Refresher on Mechanical Ventilation
The
2023 guidelines sought to reduce the duration of mechanical ventilation
and the risk of hospital‐acquired pneumonia, recognizing that optimal
outcomes for critically ill ventilated patients are more likely when
evidence‐based care bundles are applied.1
For patients experiencing aSAH who require mechanical ventilation for
>24 hours, it is strongly recommended to implement a standardized ICU
care bundle. This recommendation underscores the importance of drawing
from the extensive research conducted in both medical and surgical ICUs
and consistently applying these principles to patients with high‐grade
aSAH (HG‐aSAH). The core components of the ventilator bundle, often
referred to as “ABCDEF,” encompass the following aspects:
•
Assess, prevent, and manage pain
•
Both spontaneous awakening trials and spontaneous breathing trials
•
Choice of analgesia and sedation
•
Delirium: assess, prevent, and manage
•
Early mobility and exercise
•
Family engagement and empowerment
In
practical terms, what this means for patients with HG‐aSAH is 2‐fold.
First, there is substantial evidence supporting the reduction in the use
of opioid narcotics and a preference for nonsteroidal anti‐inflammatory
drugs like acetaminophen, ibuprofen, and ketorolac.4
Second, it involves the regular interruption of sedation, at least once
daily, to assess the patient's neurological status and prevent
excessive sedation.
Effective prevention of
delirium, a common challenge after aSAH, is achieved by avoiding
benzodiazepine sedation. Instead, dexmedetomidine is recommended for
achieving light sedation while also helping to manage the autonomic
dysregulation (ie, storming) often seen in these patients.5
Finally, systematic early mobilization necessitates a substantial
commitment from both physical therapy and nursing teams. For example,
every Hunt–Hess grade III patient capable of following commands with an
external ventricular drain should be ambulated daily. These initiatives
are best organized and led by a dedicated team of neurointensivists.

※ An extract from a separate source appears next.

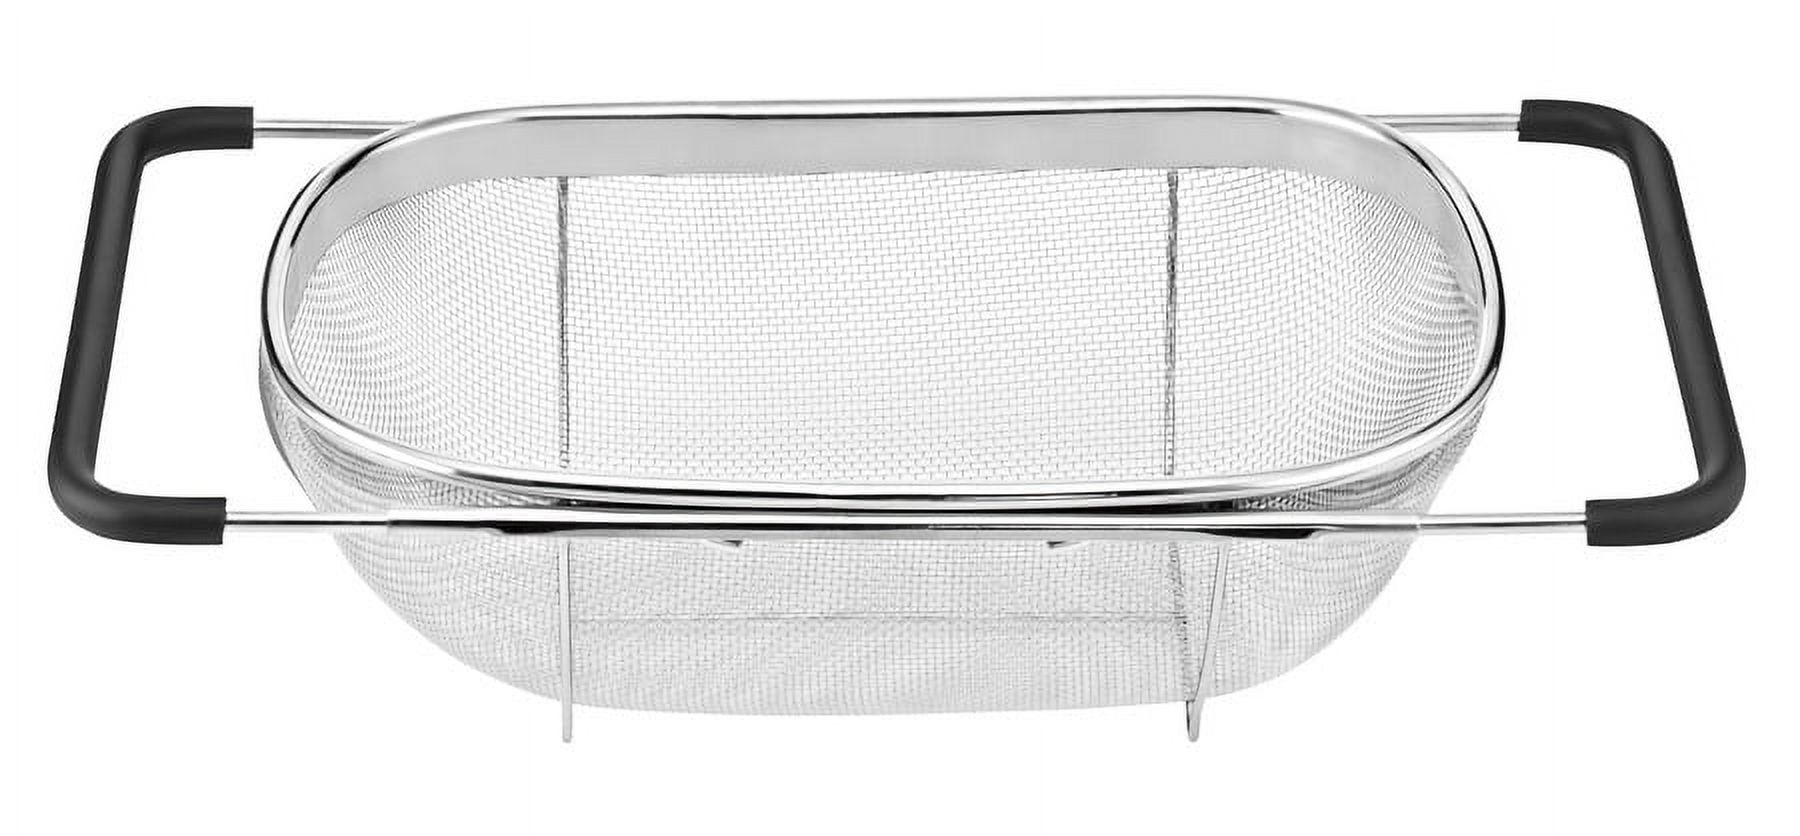 Cuisinart Non-Handled Over the Sink Colander - image 1 of 4

Advancements in Neuromonitoring
The
updated guidelines emphasize the importance of employing advanced
monitoring techniques in the management of patients with HG‐aSAH,
particularly when their neurological examination is limited.1
The direction of neurocritical care, especially for severe brain
injuries like HG‐aSAH, is undeniably moving toward sophisticated
multimodality brain monitoring. The foundation of this approach involves
initiating long‐term continuous video electroencephalogram monitoring, a
practice that should be maintained for at least 48 hours in all
comatose patients, including those with HG‐aSAH.6
Studies
have indicated that nonconvulsive seizures are more prevalent in this
patient population than previously thought, with a frequency ranging
from 10% to 30%.7
Importantly, there is substantial evidence to suggest that
electrographic seizure activity can significantly impact the patient's
level of consciousness and exacerbate secondary brain injury.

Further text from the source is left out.